- TASK
Please give the lines below again exactly as they stand, from the one that contains "Beautiful and colorful" up to and including the one that contains "#greece #crete", leaving all pictures out.
(Beginning of DATA SUPPLIED)
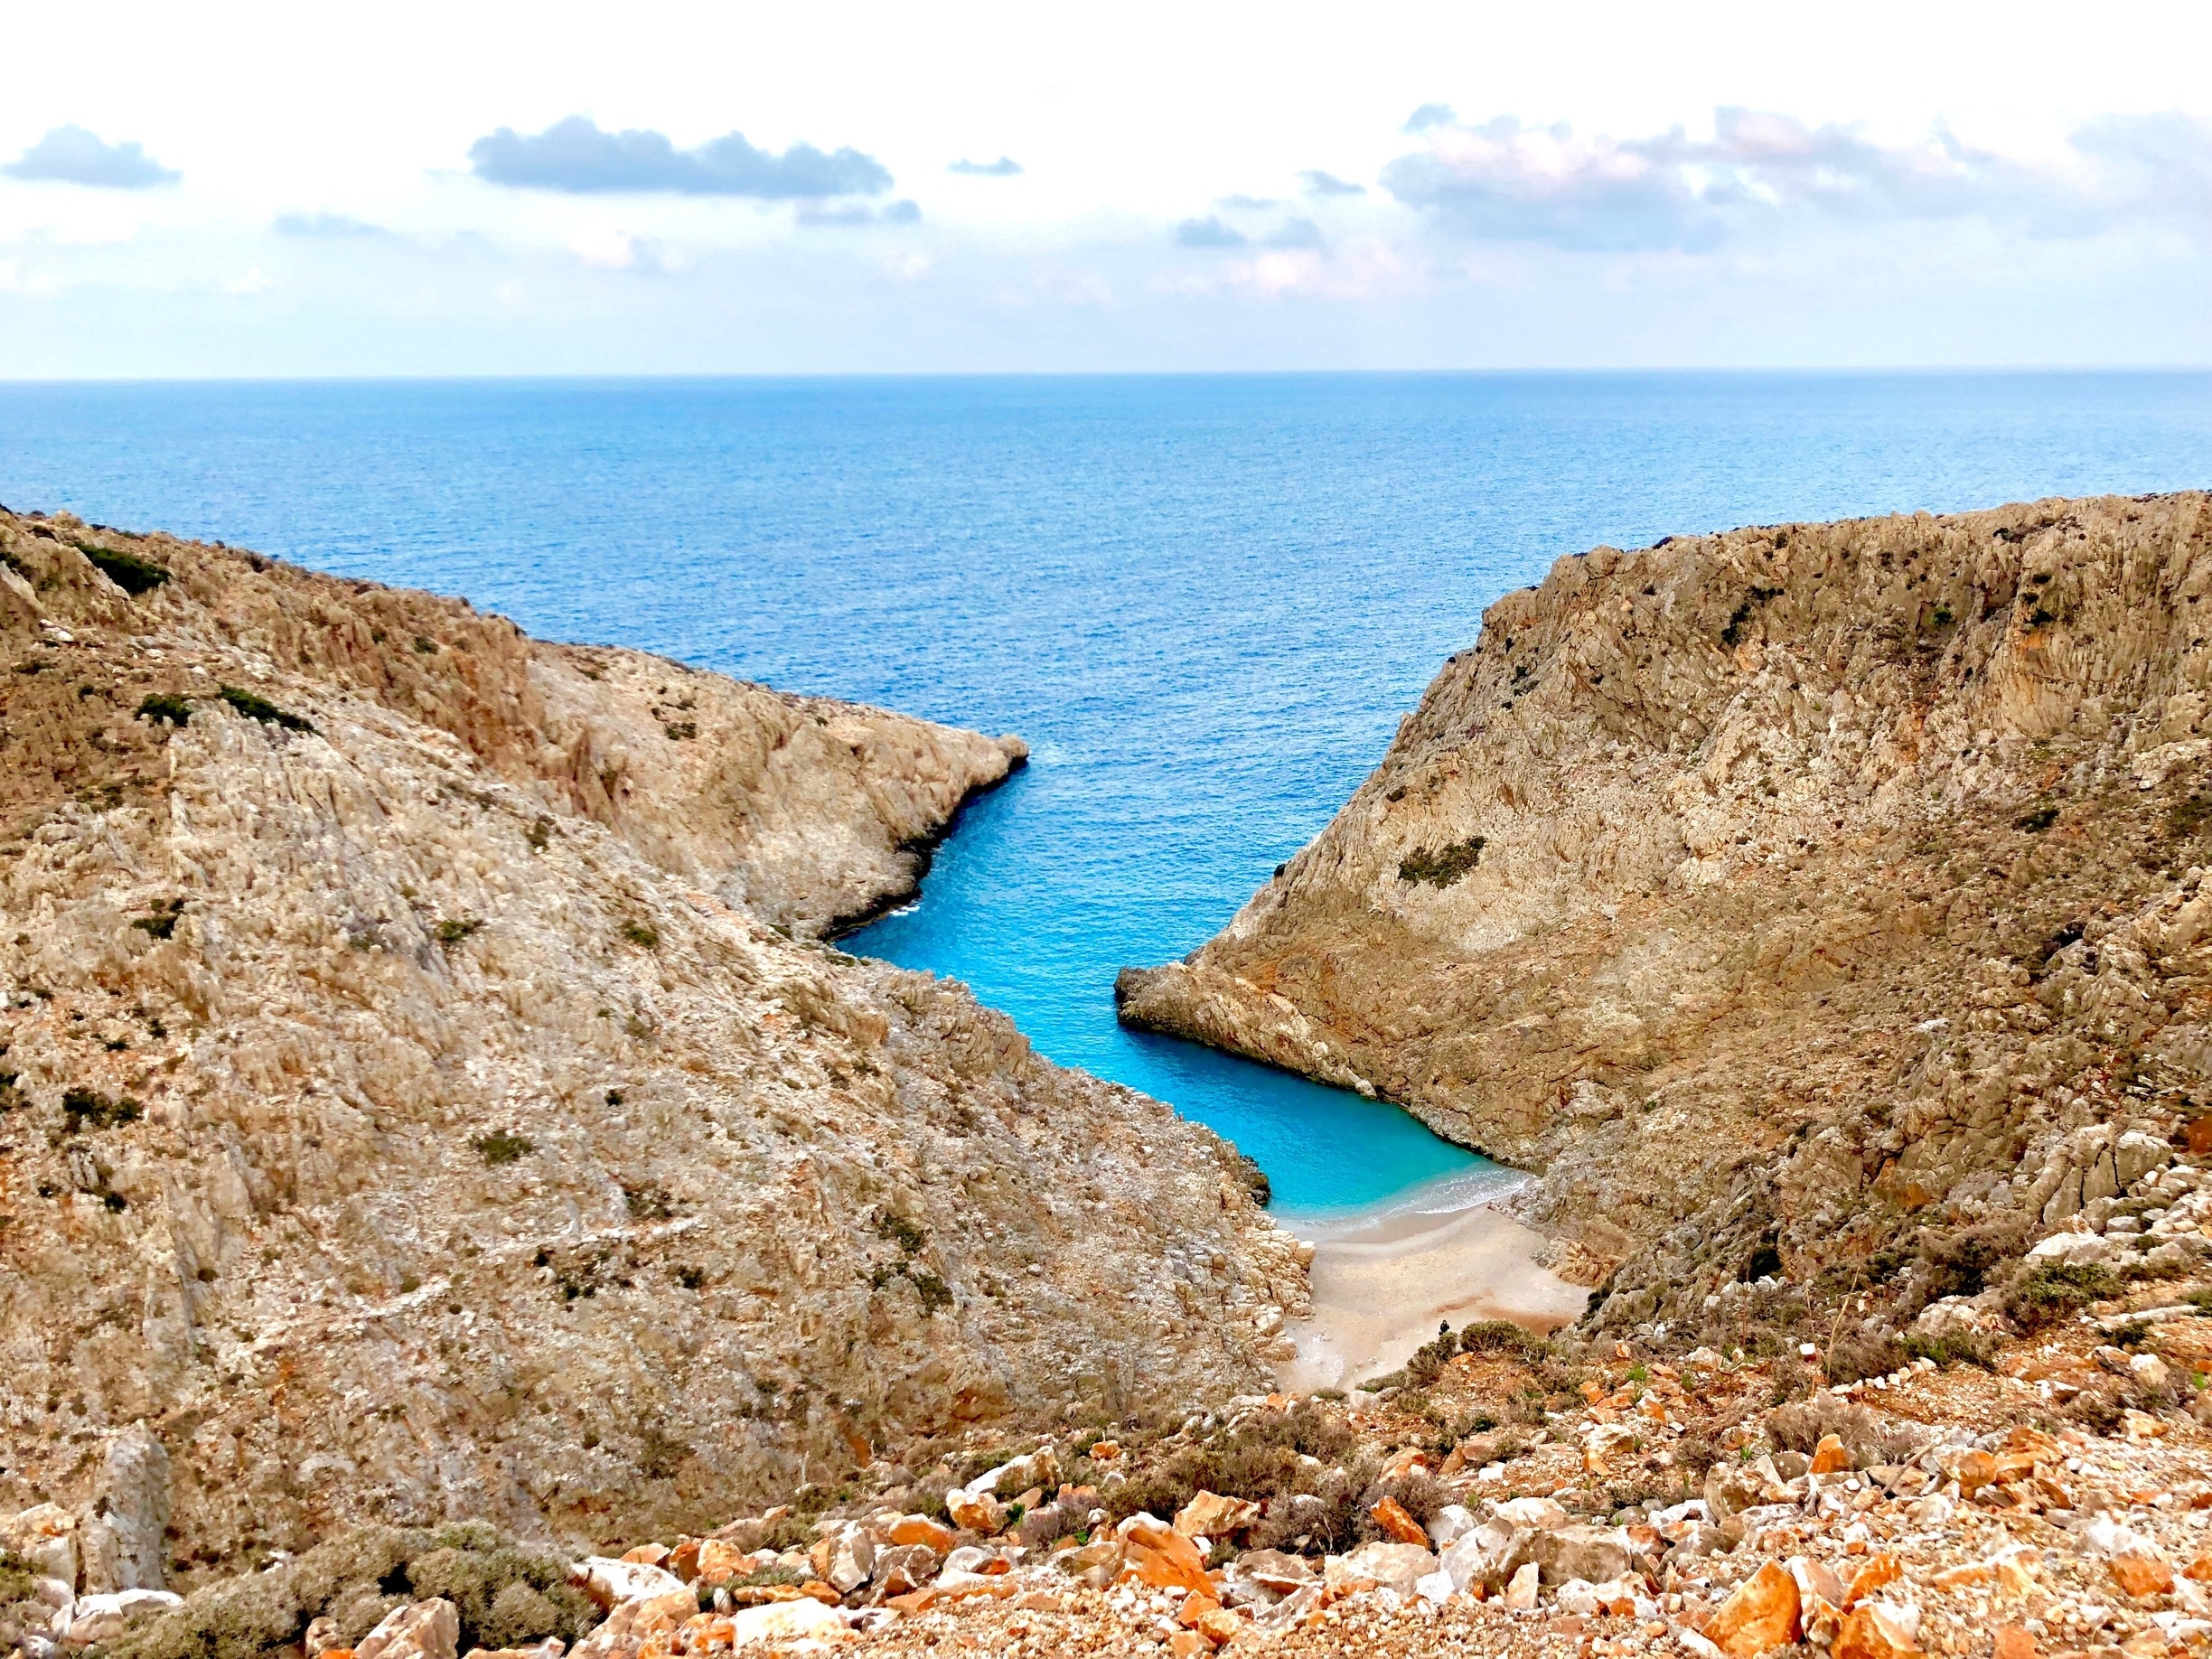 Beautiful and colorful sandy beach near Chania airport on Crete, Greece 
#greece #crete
(End of DATA SUPPLIED)
(Beginning of DATA SUPPLIED)
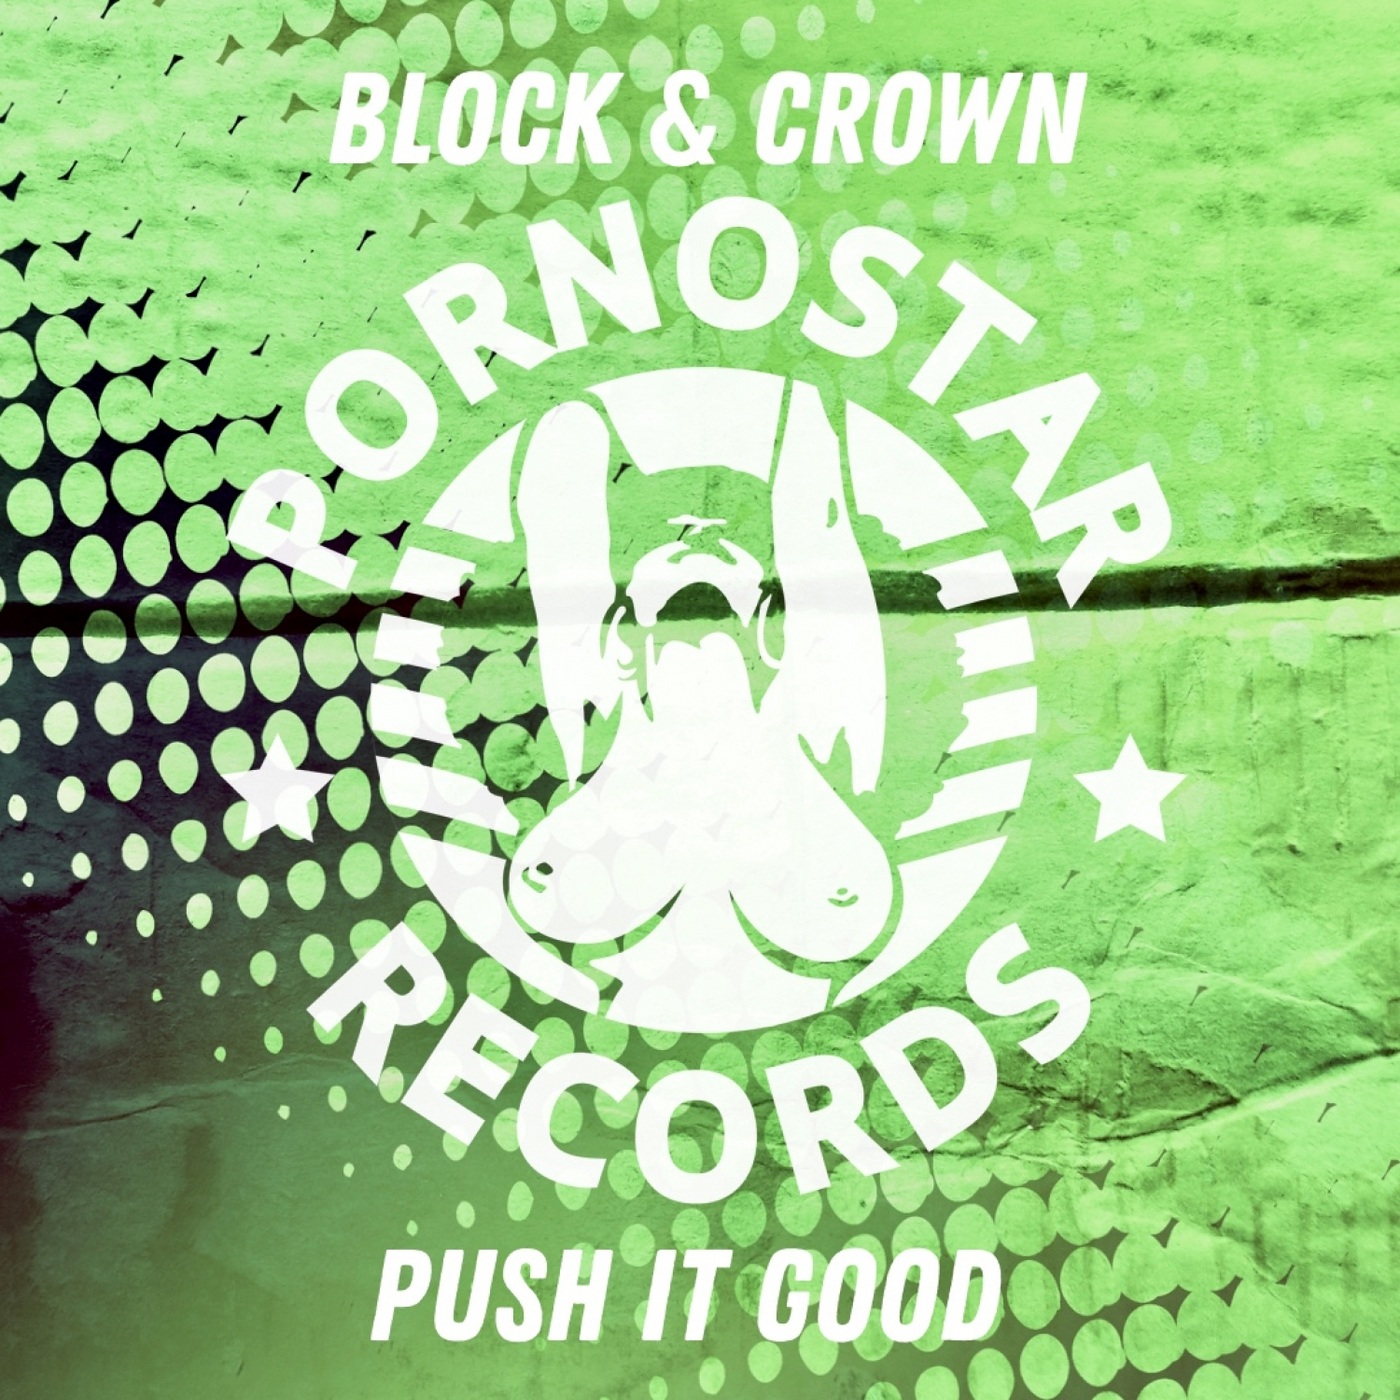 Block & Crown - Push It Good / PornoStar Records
(End of DATA SUPPLIED)
- TASK OUTPUT
 Beautiful and colorful sandy beach near Chania airport on Crete, Greece 
#greece #crete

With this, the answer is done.